The lazyness helps with performance because Spark gets to know about all
the transformations, the whole lineage graph, before it starts doing any
work. It can analyze the graph to decide things like how to partition
the data over the workers. And, if a worker fails, Spark uses the graph
to help it efficiently reconstruct the data that was lost with the
worker.

Q: Is Spark currently in use in any major applications?

A: Yes: https://databricks.com/customers

Q: How common is it for PhD students to create something on the scale
of Spark?

A: Unusual! It is quite an accomplishment. Matei Zaharia won the ACM
doctoral thesis award for this work.

Q: Should we view Spark as being similar to MapReduce?

A: You can think of Spark as MapReduce and more. Spark can express
computations that are difficult to express in a high-performance way
in MapReduce, for example iterative algorithms. 

There are systems that are better than Spark in incorporating new data
that is streaming in, instead of doing batch processing. For example,
Naiad (https://dl.acm.org/citation.cfm?id=2522738). Spark also has
streaming support, although it implements it in terms of computations
on "micro-batches" (see Spark Streaming, SOSP 2013).

There are also systems that allow more fine-grained sharing between
different machines (e.g., DSM systems) or a system such as Picolo
(http://piccolo.news.cs.nyu.edu/), which targets similar applications
as Spark.

Q: Why are RDDs called immutable if they allow for transformations?

A: A transformation produces a new RDD as output; it doesn't modify
the input RDD.

Q: Do distributed systems designers worry about energy efficiency?

A: Not directly. They care about efficient use of compute, memory, and
storage resources; minimizing use (and waste) of these resources tends
also to reduce use of energy. Sometimes the concern is direct; for
example see http://www.cs.cmu.edu/~fawnproj/.
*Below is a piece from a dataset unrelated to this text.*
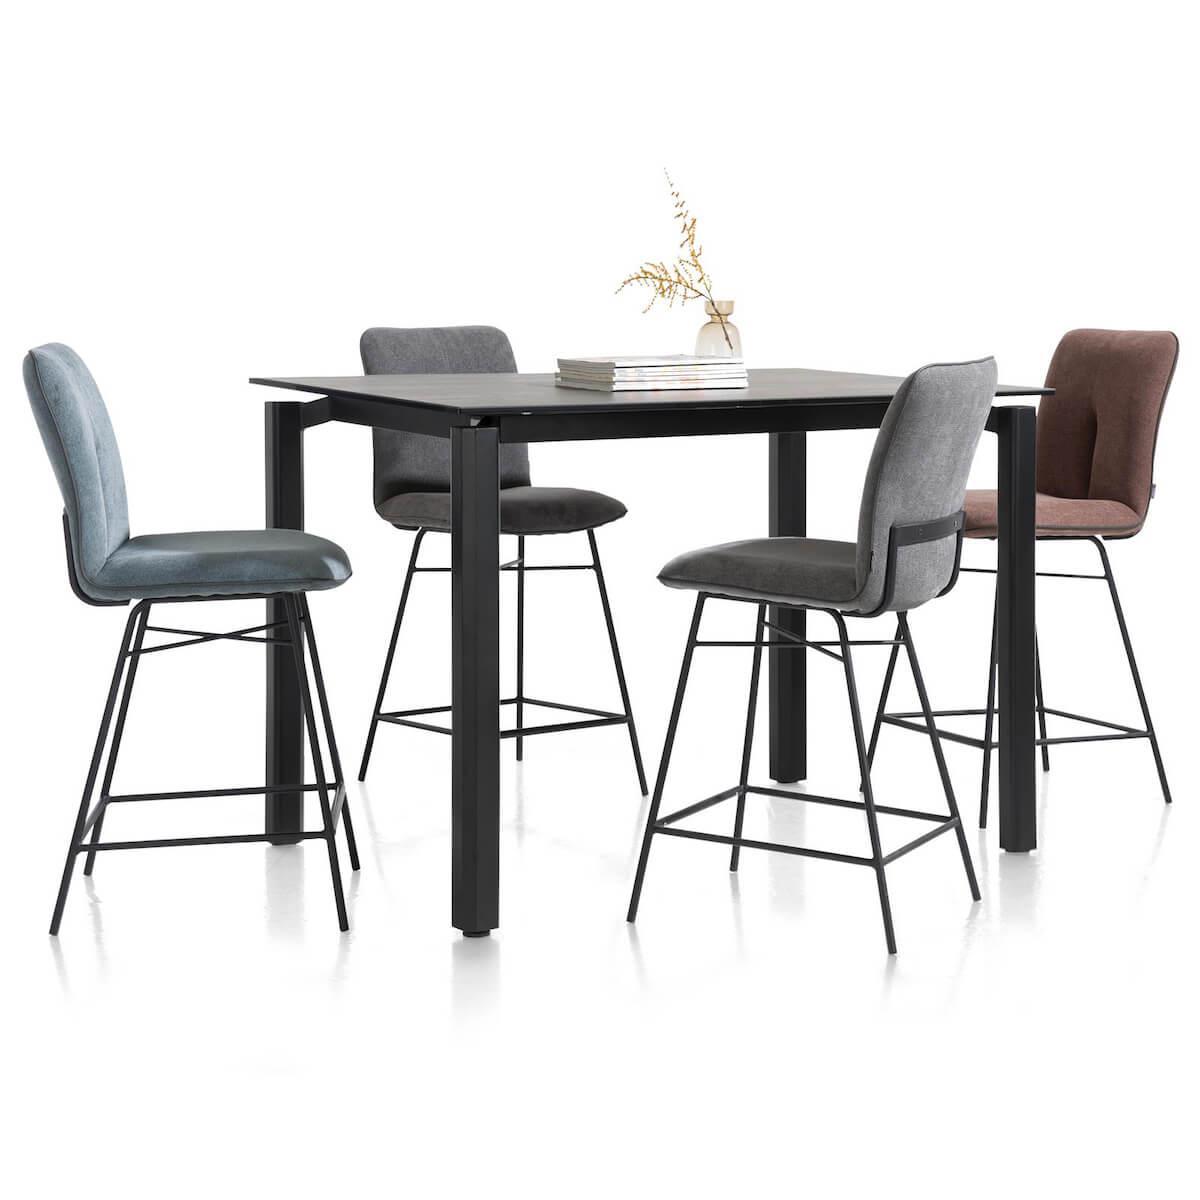 Table de bar 100x130cm IMPERIAL Xooon

Big distributed systems often run in carefully designed datacenters,
and the people who design datacenters care a lot about minimizing
energy costs, both to run the computers and to cool them.

Hardware designers pay a lot of attention to power use. For example,
if some area of a chip isn't being intensively used, the hardware will
reduce its clock rate or shut it down altogether.

Q: How do applications figure out the location of an RDD?

A: Application code isn't directly aware of where RDDs live. Instead,
the Spark library decides on which servers to place the partitions of
each RDD. The RDD objects that applications manipulate contain private
fields in which Spark records location information (or, for RDDs not
yet computed, the recipe for how to compute them from their input
RDDs).

Q: How does Spark achieve fault tolerance?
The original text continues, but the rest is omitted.